4. Examine the captured pcap

Go back to machine 2 where the packet capture is happening, and press Ctrl + C to kill the capture process.

The simplest way to examine the pcap would be to double-click-open it in wireshark.

You can also examine the packet using tshark as follows:

$ tshark -r foo.pcap
1 0.000000000 192.168.33.1 → 192.168.33.2 ICMP 98 Echo (ping) request  id=0x433b, seq=1/256, ttl=64
2 0.000029979 192.168.33.2 → 192.168.33.1 ICMP 98 Echo (ping) reply    id=0x433b, seq=1/256, ttl=64 (request in 1)
3 0.999566511 192.168.33.1 → 192.168.33.2 ICMP 98 Echo (ping) request  id=0x433b, seq=2/512, ttl=64
4 0.999589158 192.168.33.2 → 192.168.33.1 ICMP 98 Echo (ping) reply    id=0x433b, seq=2/512, ttl=64 (request in 3)
5 1.999376489 192.168.33.1 → 192.168.33.2 ICMP 98 Echo (ping) request  id=0x433b, seq=3/768, ttl=64
6 1.999403090 192.168.33.2 → 192.168.33.1 ICMP 98 Echo (ping) reply    id=0x433b, seq=3/768, ttl=64 (request in 5)
7 2.999407347 192.168.33.1 → 192.168.33.2 ICMP 98 Echo (ping) request  id=0x433b, seq=4/1024, ttl=64
8 2.999431033 192.168.33.2 → 192.168.33.1 ICMP 98 Echo (ping) reply    id=0x433b, seq=4/1024, ttl=64 (request in 7)
9 5.008882964 f2:b5:79:20:12:c9 → 72:4f:b2:65:2a:2f ARP 42 Who has 192.168.33.1? Tell 192.168.33.2
10 5.009241891 72:4f:b2:65:2a:2f → f2:b5:79:20:12:c9 ARP 42 192.168.33.1 is at 72:4f:b2:65:2a:2f

Things to notice:

  1. Each line indicates (among other things) the source and destination ip addresses.
  2. Each line indicates that the packets were an ICMP echo request or reply.
  3. There are four (same as the -c argument of ping) ICMP echo requests from 192.168.33.1 to 192.168.33.2, and four ICMP echo replies going the other way.

What Next?

We have barely scratched the surface here.

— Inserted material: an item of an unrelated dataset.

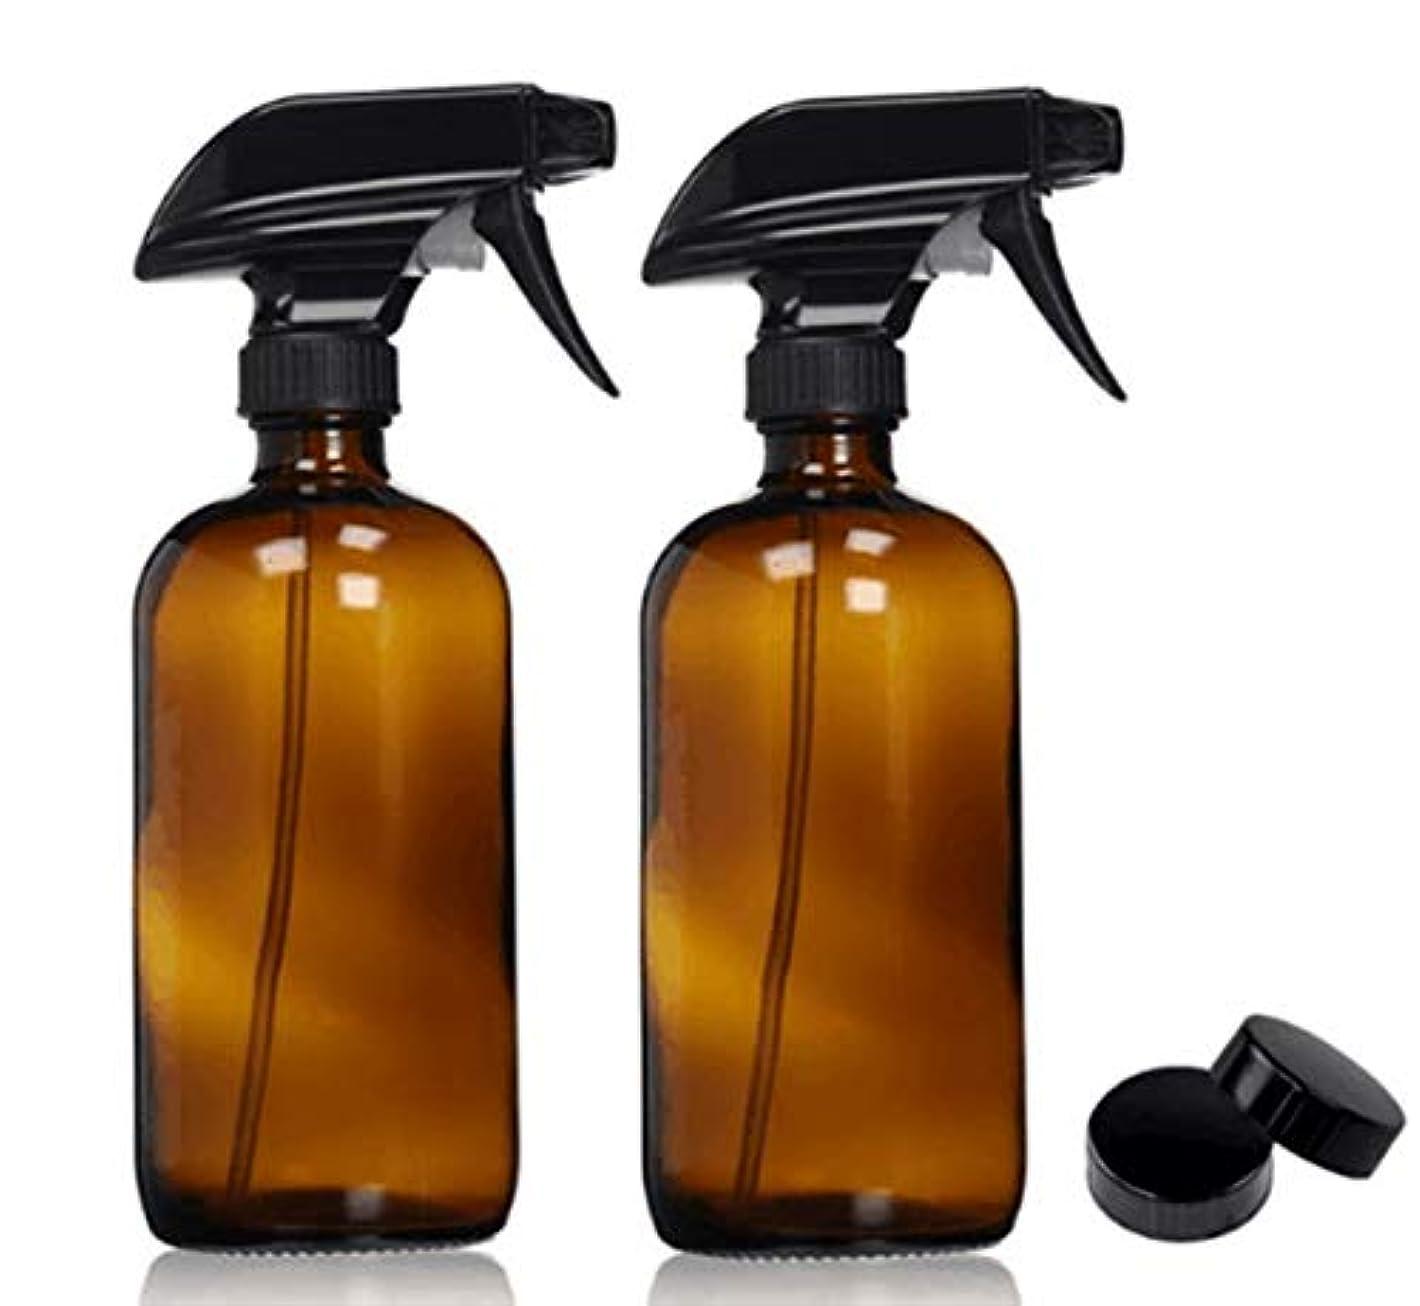 アイデアガム冷酷なTASORE スプレーボトル 遮光スプレー 霧吹き 3個セット 500ml/250ml ボトルキャップ付き 細かいミスト 詰め替え容器 耐久性 家庭用 保湿スプレー 植物水やり

tshark is a very versatile tool. You can extract a lot of information such as the source and destination ip addresses, hardware addresses, sequence and acknowledgement numbers, and even the textual content of websites (if they use an unencrypted connection such as http). This is why passwords must never be sent over unencrypted connections.

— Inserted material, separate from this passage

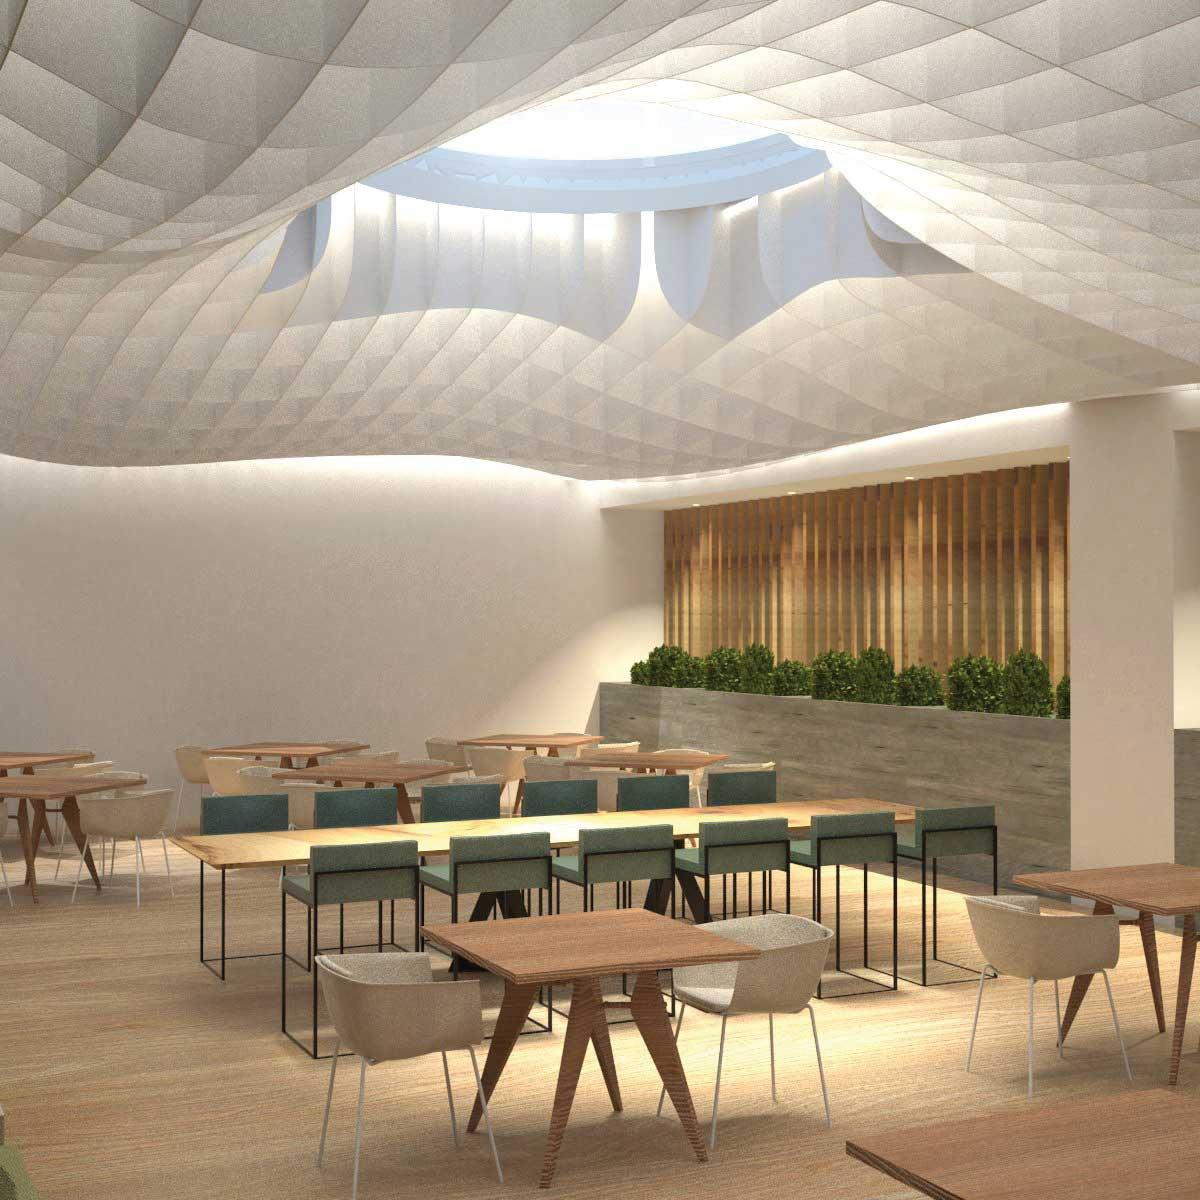 Interoir Design: Interior Design BFA - San Francisco

Check out man tshark for a full list of options tshark supports.

The wireshark wiki page contains a list of sample packet captures you can explore with wireshark or tshark. For instance, examine http.cap and see if there is a SYN, SYN-ACK, and ACK as per the specifications.

In addition to wireshark and tshark, there are plenty of other libraries you could use to analyze the traffic. Python’s dpkt is a good example.